November 15, 2019
Big data and health

Big data and health

The digital health revolution is here. Innovations include not only the collection and analysis of electronic health records and personal genomes, but also diverse physiological and molecular measurements in individuals at a level that has not previously been possible. Our recent studies, in which we deep-profiled 109 people for a median of nearly 3 years and made 49 major health discoveries (67 if hypertension is included) affecting 53 people, shows the value of big data and active monitoring. Many health discoveries involved disease risk prediction from genome sequencing, but most involved early detection of disease before symptom onset. Many of these findings were highly impactful, such as early detection of cardiomyopathy, lymphoma, and two precancerous conditions (monoclonal gammopathy of undetermined significance and smoldering myeloma).  However, the health data revolution is just beginning as more direct-to-consumer devices that measure health information become available (eg, electrocardiogram monitors for smart watches and blood pressure cuffs),  omics measurements become more sensitive and facile, and new imaging technologies emerge.

How effectively society as a whole is able to capitalise on big data in health care will depend, in part, on how well these data are integrated and communicated to clinicians and the public. It will be important to have digital health information collected in a format that clinicians and consumers can easily interpret and query. Much has been written about the shortcomings of electronic health record systems.

Improvements in such systems for clinicians’ purposes and a new commitment to sharing personal digital health information with consumers are needed.

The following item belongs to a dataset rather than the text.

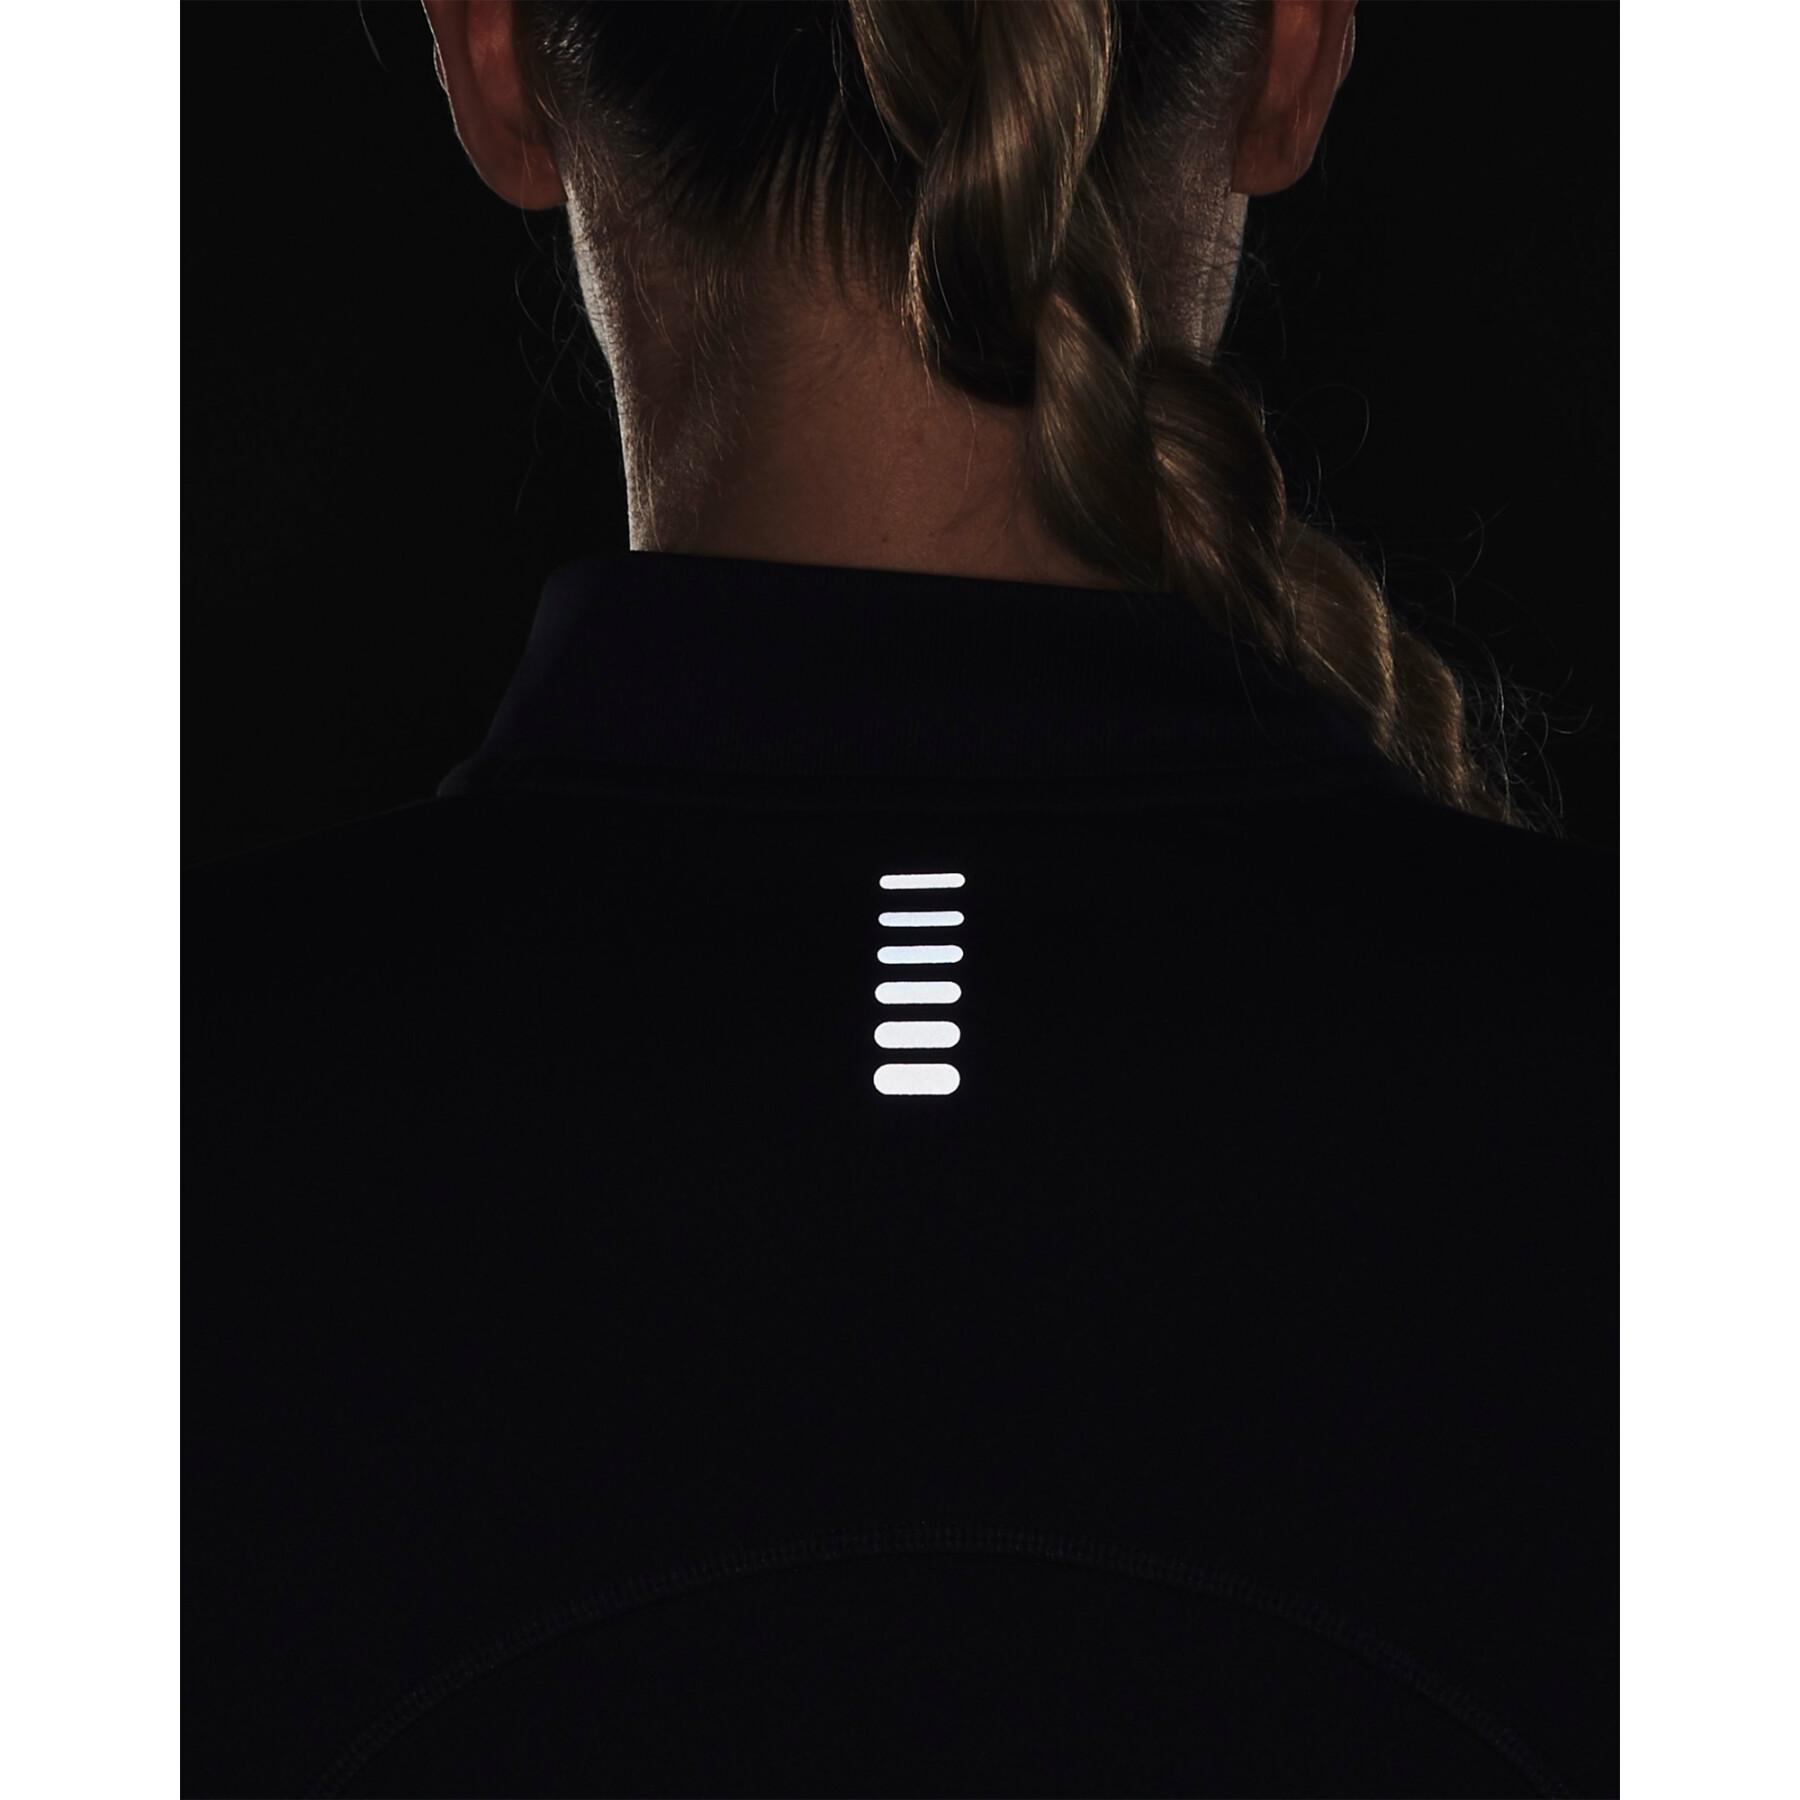 Damen Sweatshirt mit 1/2 Reißverschluss Under Armour Qualifier Run 2.0

Currently, much of health information is organised around systems—eg, cardiovascular, gastrointestinal, and neurological. However, we expect that health information can also be organised according to underlying human molecular biology, and this might lead to novel health management approaches. For example, much as molecular information is grouped into networks based on interaction (physical or other) and co-expression data, digital health data might be grouped into entirely new interactive entities that might enable more efficient diagnoses and help to optimise disease management strategies (figure). The organisation of health information into interactive clusters and other novel methods for stratifying health data will complement existing approaches and potentially lead to improvements in health care. Tumour agnostic therapies in oncology represent early evidence of how the health-care paradigm might shift as health data management matures. We expect that there will be an important role for artificial intelligence in health data organisation and interpretation, with the caveat that clinical applications will need to be subject to rigorous validation procedures.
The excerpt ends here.